The Iron Laws of Supply And Demand

From today's Metro:

Demand for rented accommodation has soared by two-thirds during the past year and is the strongest 'for decades'. The number of leases taken out during August was 65 per cent higher than in the same month last year... the strong demand for rented accommodation was not driving up rents, as the demand was being met by supply from sellers who had opted to let their home rather than accept a lower price for it in the current market... Latest figures from the Bank of England showed that the number of mortgages approved dropped by 71 per cent year-on-year during July.

As I have been saying for decades, rent levels are the most stable factor in the housing market; they are the Maypole around which everything else dances*. You can arrive at this conclusion by applying commonsense or observing what actually happens (as above); or you can apply economic theory that rents are a normal good, i.e. they rise in line with incomes, but this economic theory in turn is derived by observing hard facts and applying logic.

* In the long run, the cost of renting or buying the same property with a mortgage will be much the same, give or take 10% either way. In times of easy credit and low interest rates, the notional 'value' of the property increases disproportionately, leading to a bubble mentality. In a few years' time we will look back at the house price boom of the years 2001 to 2007 and file it in the same drawer as 'Tulip Bulbs' or 'dotcom shares'.

5 comments:

Anonymous said...

I think there is a difference between the dotcom bubble and the property bubble.

in a lot of ways the dotcom bubble was a pioneering bubble, trying to make gains with little information, as it was a brand new market.

The property bubble is much more a technocratic bubble, pseudo science, governance issues, and most importantly not learning lessons of the past, we should by now understand the property market.

So I am more forgiving of the dotcom bubble, and if you think about it, if the internet infrastructure was like it is today with broadband, back then, a lot of the ideas being hyped would have worked.

Mark Wadsworth said...

PB, agreed.
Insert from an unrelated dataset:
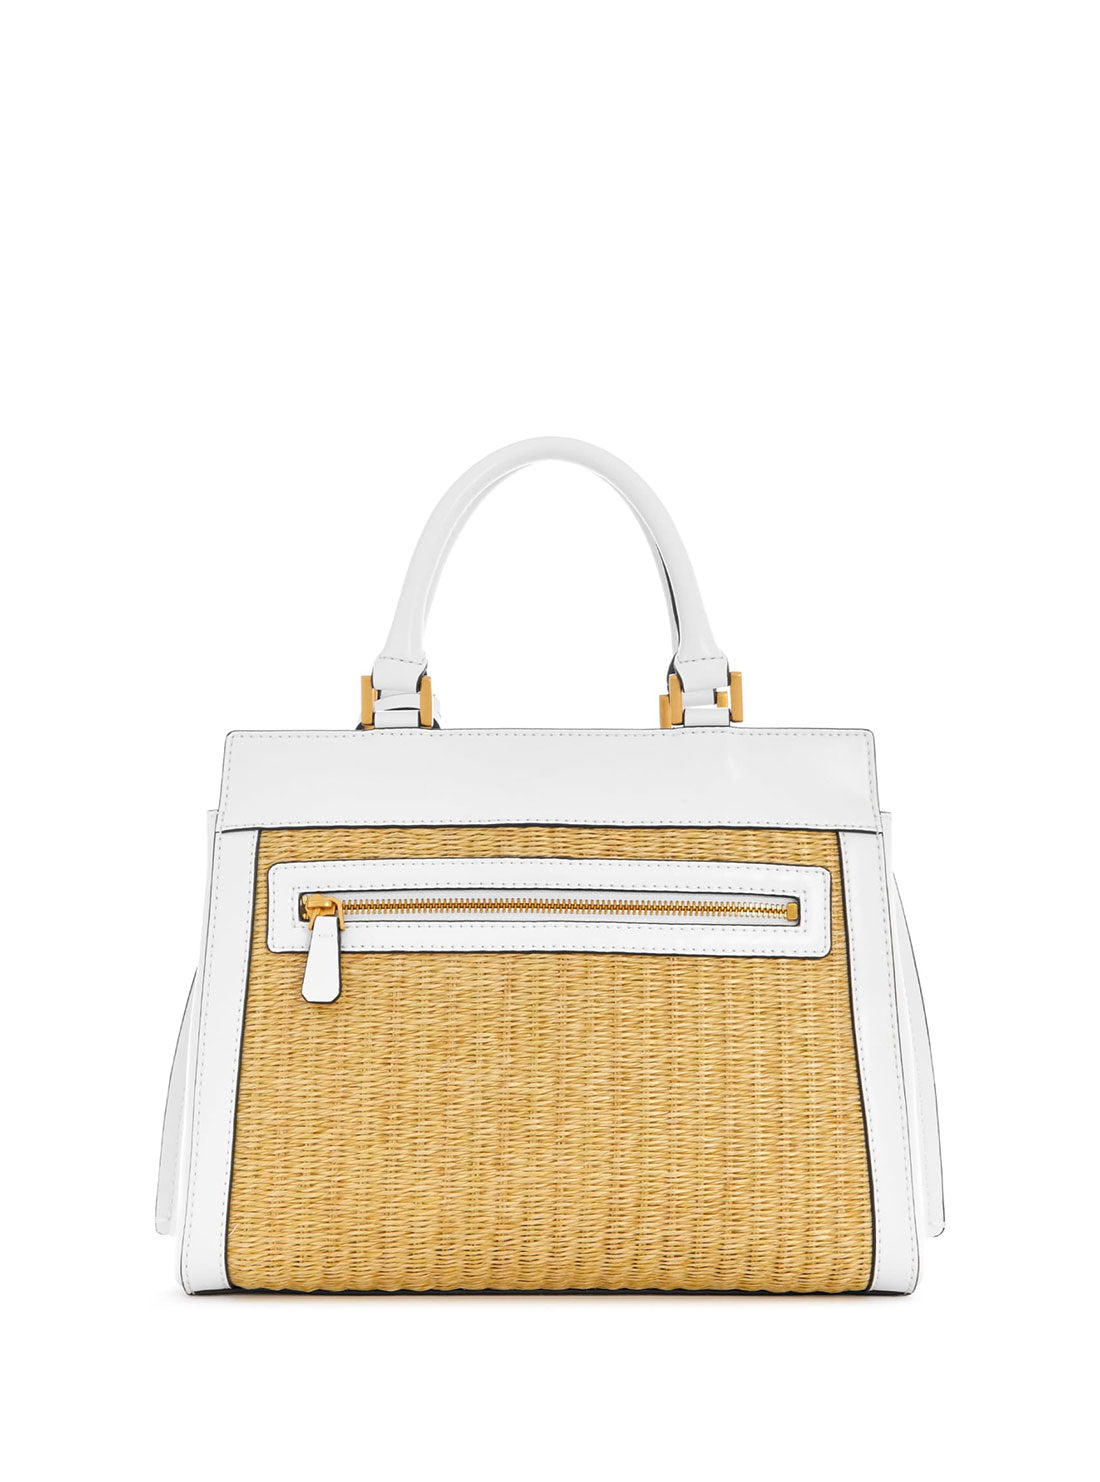 GUESS Women's White Palm Katey Luxury Satchel Bag WA787026 Back View

That was just an example. In particular, nobody was forced to buy dotcom shares - only rich, stupid people fell for this, so it did not hurt the average little guy. Unlike the house price bubble/crash...

Thud said...

Give the market and people 5 years to recover and forget and it will be off we go again...they just can't help it.

DBC Reed said...

The tulip mania has got a bad nameIMO.The bulbs were a productive resource which, when planted, would over the seasons produce many little bulbs: unlike houses which deteriorate.

Paul Lockett said...

It's a very good point.

Thinking about it, rent is the cost of occupying a house now, whereas the purchase price of a house is the capitalised future rents, so a widening gap between rent and sale price is a sign of growing optimism about the growth of future rents.

Once that optimism begins to exceed reality, a burst property bubble is the only logical conclusion.